Begging the question: why would you be in such a hurry? Because you have less time, of course, something offenses will work to death this year. If an offense can take longer to scan the defense and audible, they will; if they have time to read coverage and lineup, they will; if they have time to do anything at all making them more comfortable, they'll do it. The rules changes may ultimately come down to incentives. Sure, less time may actually equal more plays if you're running the Gus Malzahn No-Huddle (copies still available!), but there's far more incentive to slow the game down for an offense than there is to speed it up.

We haven't even broached bleeding the clock out with a lead in the fourth quarter. You like kickers? And games that end with field goals? Get your money in early for Auburn for the 2008 National Title, because 3-2-5-e did nothing like what you'll see with fourth quarter strategy this year. Offenses can now hit fast-forward with the forty second clock, reducing the fourth quarter to the sit-and-squat fourth quarters of most pro games. It'll be like watching two people play tennis with a huge children's ball rather than a standard tennis ball: big, slow exchanges, with more and more games ending with excruciatingly slow drives ending with a winning field goal.

The more we write about this, the more we're convinced this isn't just giving you less football: it's drastically changing the endgame strategy in college football.

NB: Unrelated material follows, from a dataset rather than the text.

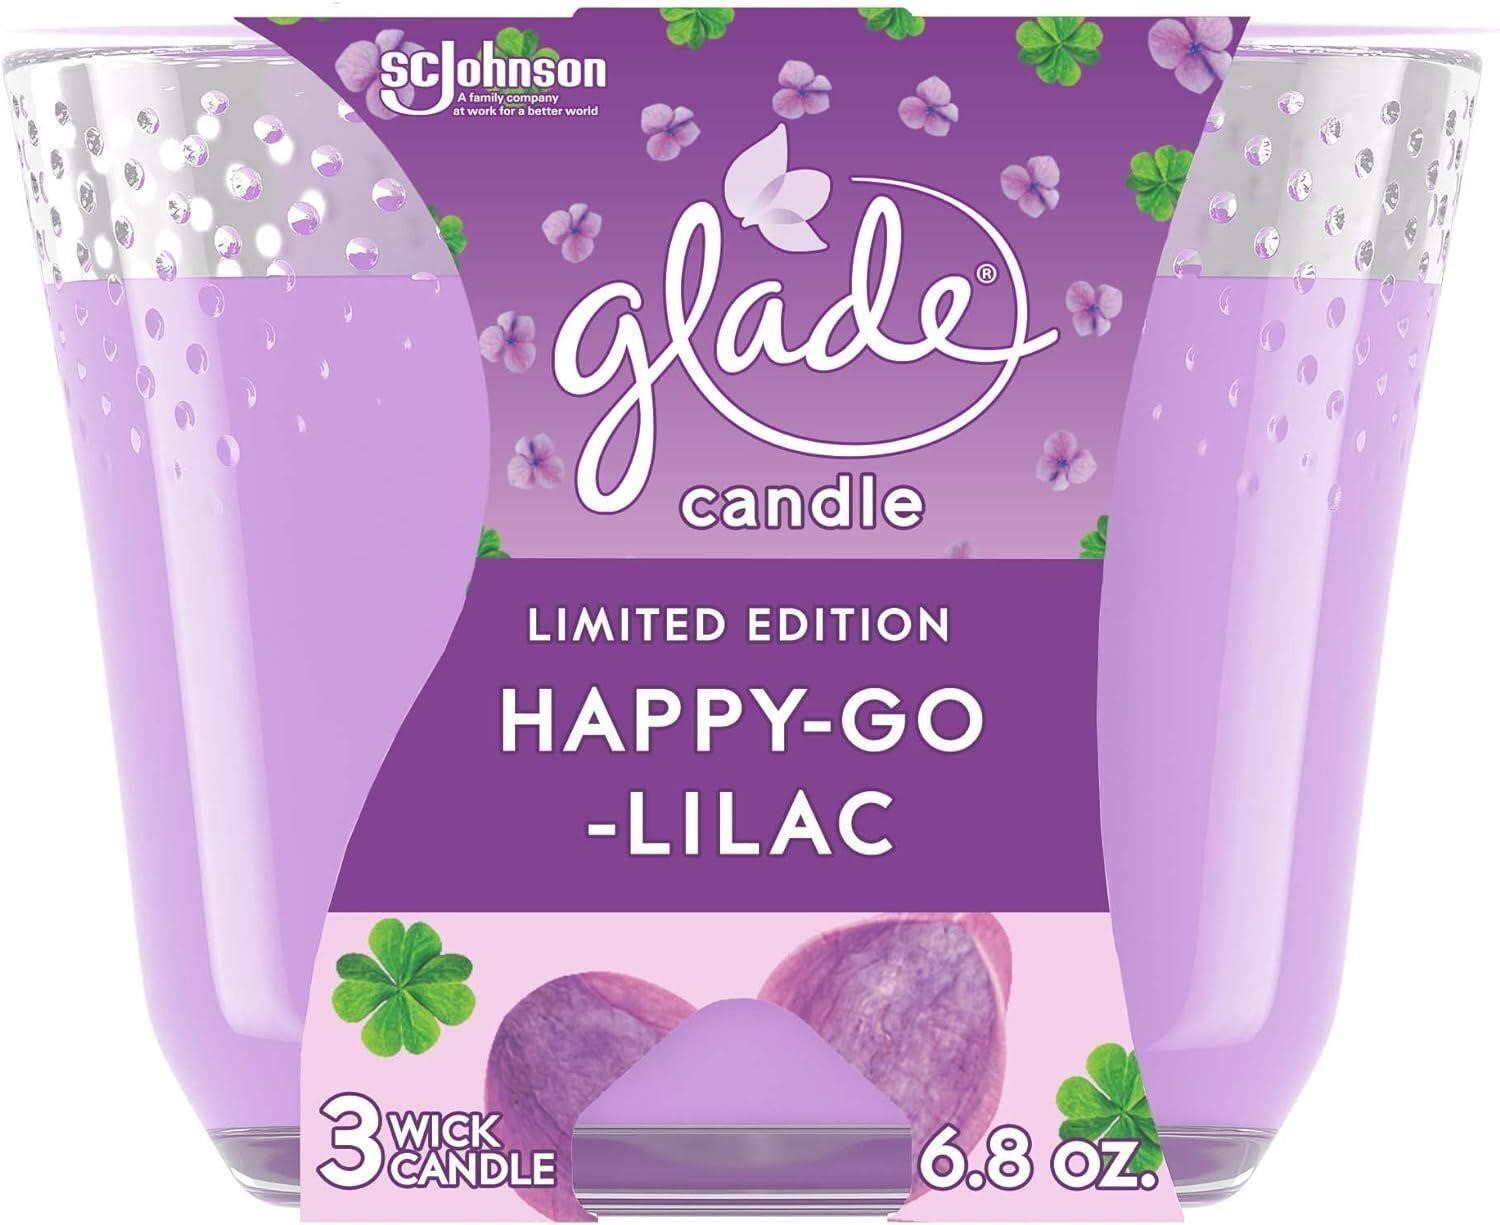 Pack of 2 Glade Candle Happy-Go-Lilac
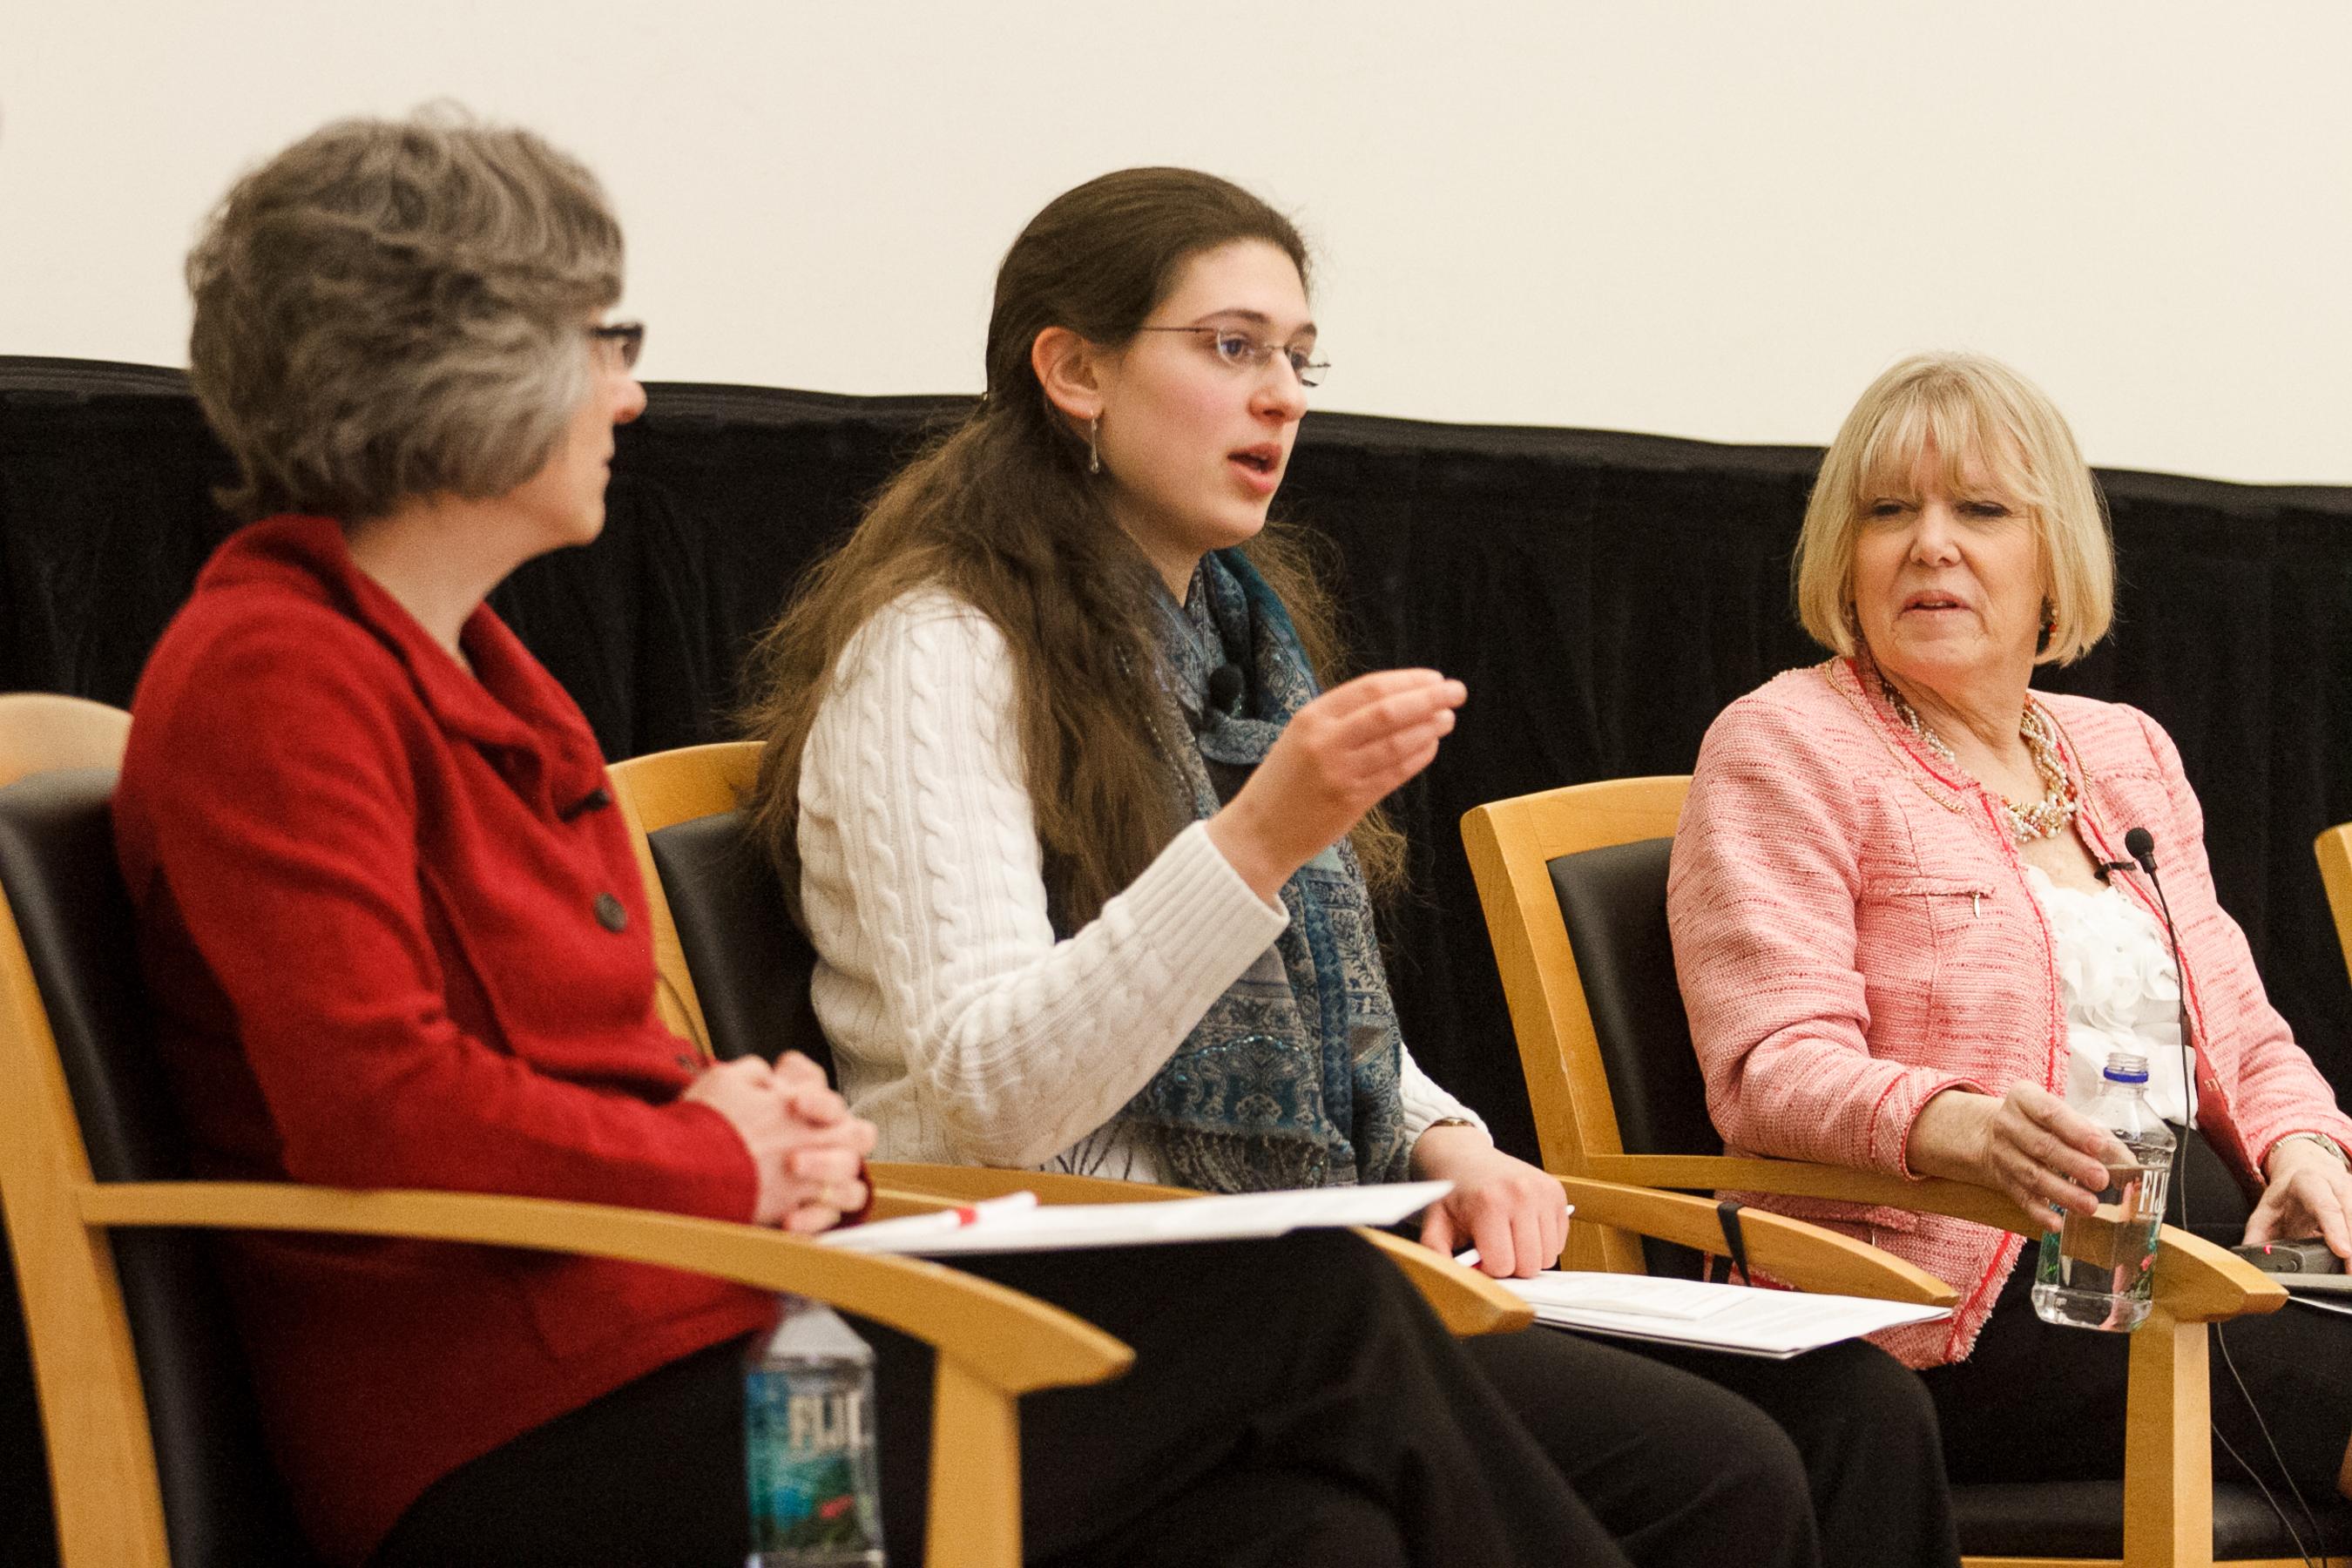 panel discussion dissects women's progress

To borrow boxing metaphoricals: now we have middleweights exchanging blows in rapid-fire succession. With this rule change, you're going to slug the game down to heavyweight speed, and toward the end of the fight you'll see the guy ahead in the cards clinching like they're meeting a long-lost shipwrecked sibling. Points will die on the vine this year, and drastically so.

So Michael Clark's reply is honest in that it admits TV and the BCS are the prime movers, but it's less than honest with the suggestion that there will be more plays with the rule change. Suggesting this ignores how the game is actually played, and what teams' incentives are on the field of play. We could suggest that we shorten our work day in order to "be more productive," but realistically, there's little incentive for that to happen--in most cases, you'll simply get less done, which is precisely what will happen in college football. Thanks to the pressures of television and a lack of ingenuity on the part of sponsors, you'll see exactly what you feared: less football, period.

(Are we missing something? We probably are? Yes? Leave any and all corrections in the comments.)

P.S. After writing this, note the biggest canard/conditional in Clark's phrasing: "Based on consistent pace of play." That means the studies likely used an average number of seconds per play to do their studies, or assumed on. There's miles of wiggle room in this, as the time could vary greatly depending on situation, offensive scheme, etc. Good news for Michigan, though: DickRod runs the "jet" set, college football's fastest no-huddle. You've got a plan, at least.

Oh, and if it's the NFL, they used the NFL's average time to get a play off, not college. In the NFL they seem to get the play off faster--less monkeying around with looking to the sideline for a call, as you'll often see college offenses do. In college, we'd bet it takes even longer to get the play off in the same alloted timespan. Meaning, again: less football, and shifty citing of "studies" here. At least that's what we suspect.